How does one find what this flat rate reimbursement is? Section 8 admin I suppose.

 That's exactly what some Landlords do.

To find out what the S-8 rates are in your area, you could just call your local office.  Or, try www.gosection8.com.  Just click on your state to narrow in on specific cities.  It will show you active listings that accept S-8 vouchers, and that might give you an idea of the amount S-8 pays for various BRs.

@Randy E.:

Excellent excellent advice and info. 

That's good to hear the realities of the pros and cons of Section 8. I didn't know it was a sliding scale reimbursement for tenants on the program. That makes a world of difference. 

@Randy E. You are correct in that sec-8 may pay all or a small portion depending on tenants resources.  I have one tenant paying $8 of an $885 rent. (And she had to pay a $50 late fee!)  I have others who pay over $600 of the $885.  

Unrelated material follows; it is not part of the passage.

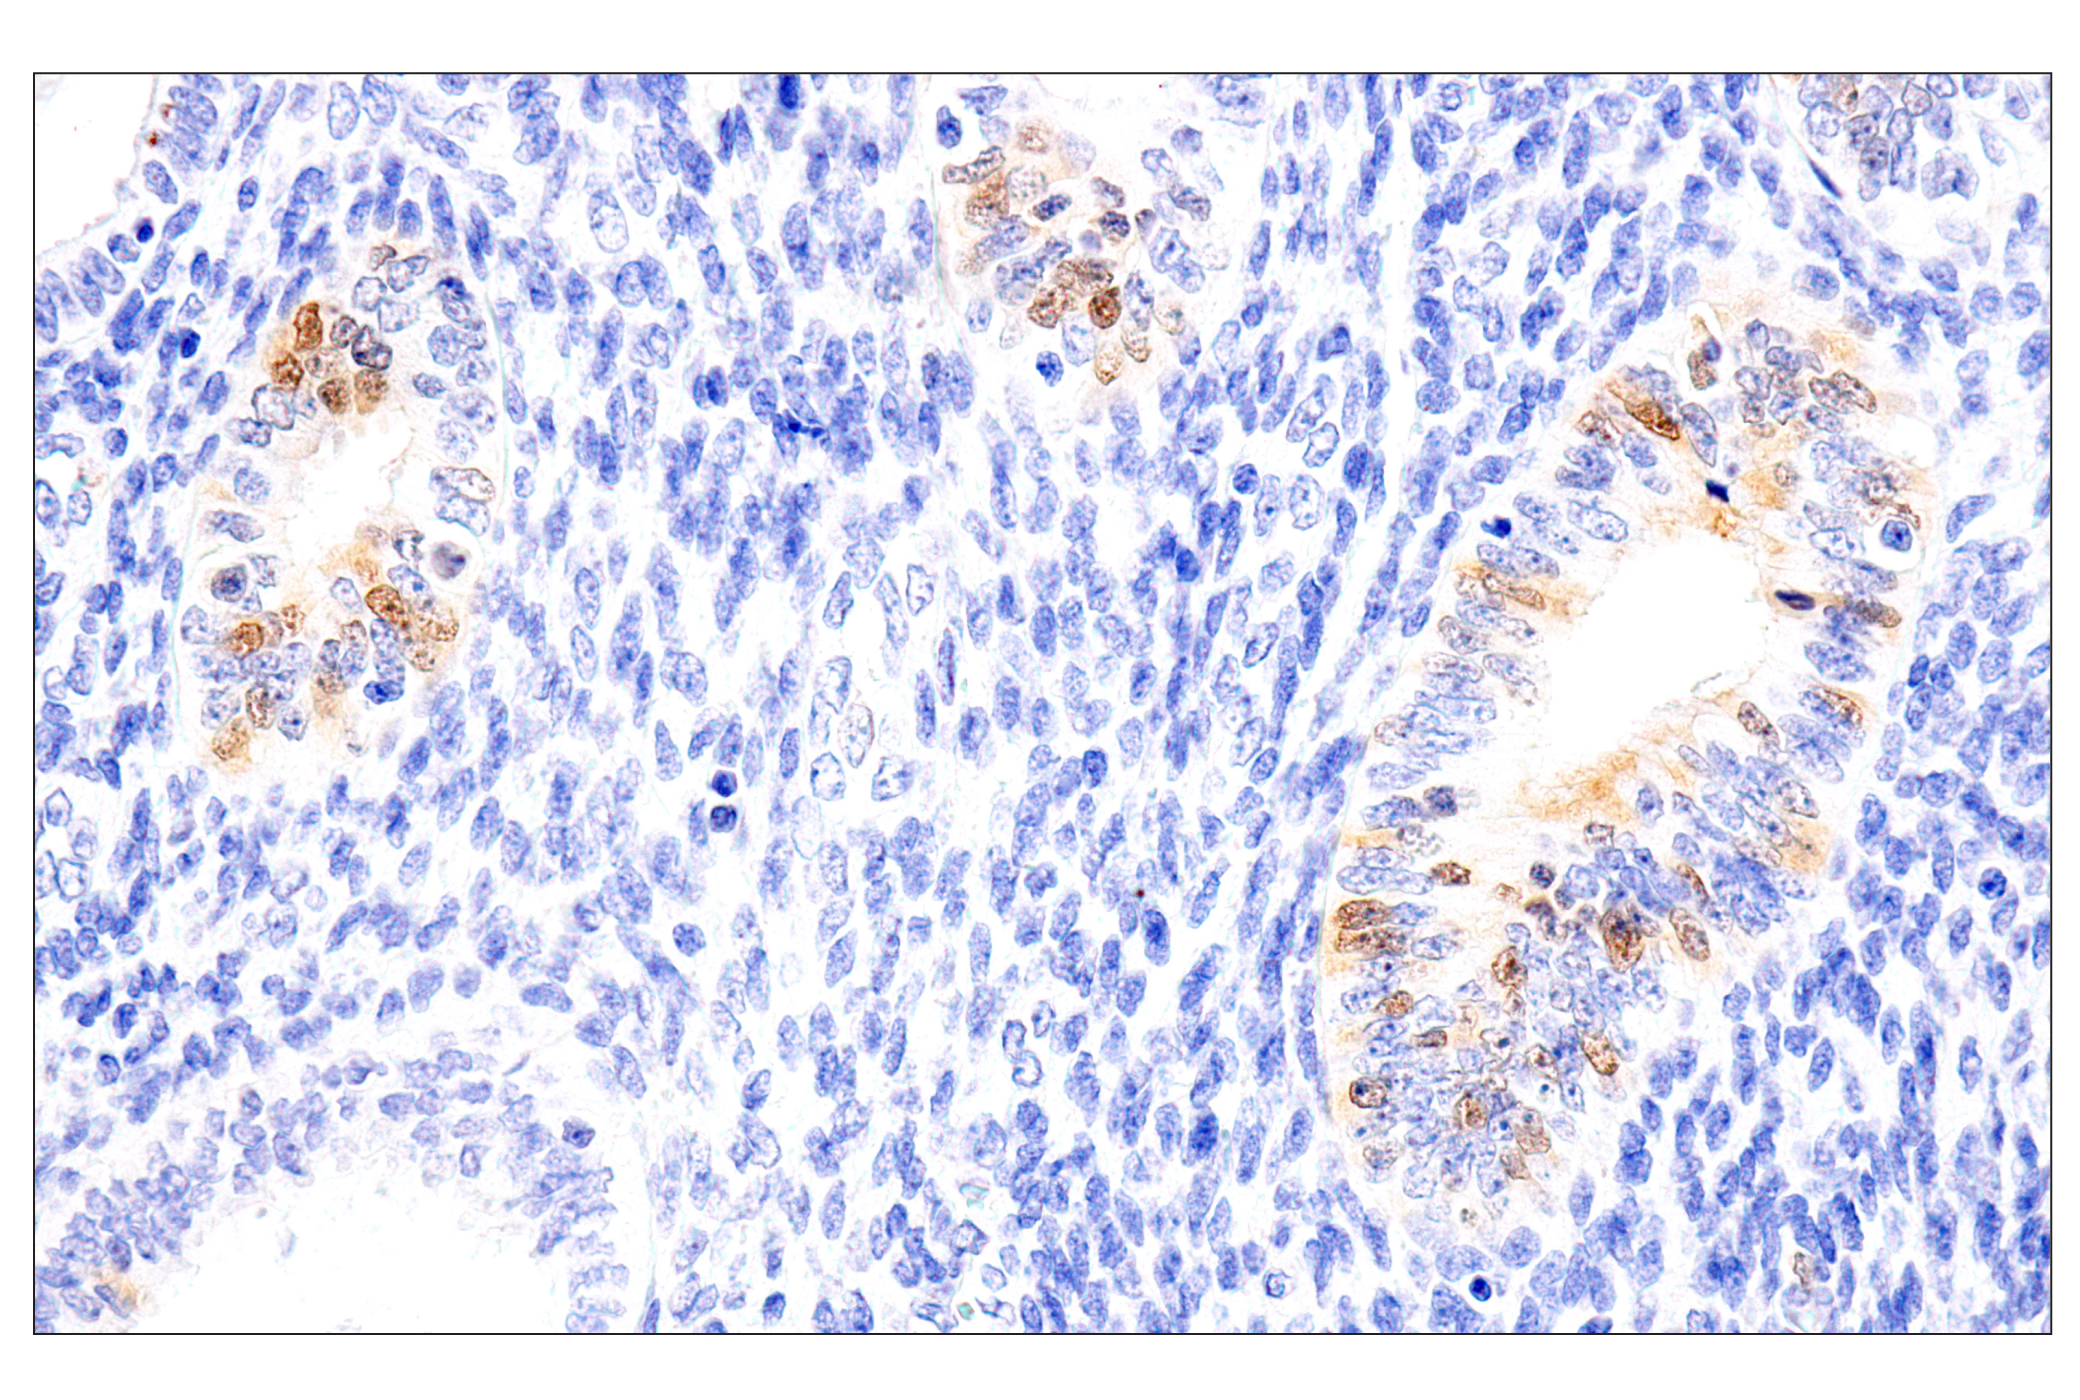  Image 16: PhosphoPlus® Chk1 (Ser317) Antibody Duet

I mentioned earlier about how you manage your property.  I assume nothing and hold each tenant to the same standard.  When they know I am serious they respond accordingly.  In April I had a tenant not pay her share, about $400. After I served her notice and got ready to file with the court she got outside assistance and came up with what was needed. She also paid late fees and other amounts due on the 1st of May ...and used her mid-month paycheck to get ahead for June! 

Key lesson is, don't EVER let them get behind ...even a little!  At that socio-economic level getting a little behind quickly becomes an insurmountable mountain they can never overcome.

Curtis Bidwell MBA, Philia Holding Co LLC | http://www.PhiliaHC.com | Podcast Guest on Show #95

@Curtis Bidwell , I agree on all points.  When (no if, but when) I move to accepting S-8 tenants, that's exactly how I hope to manage the process.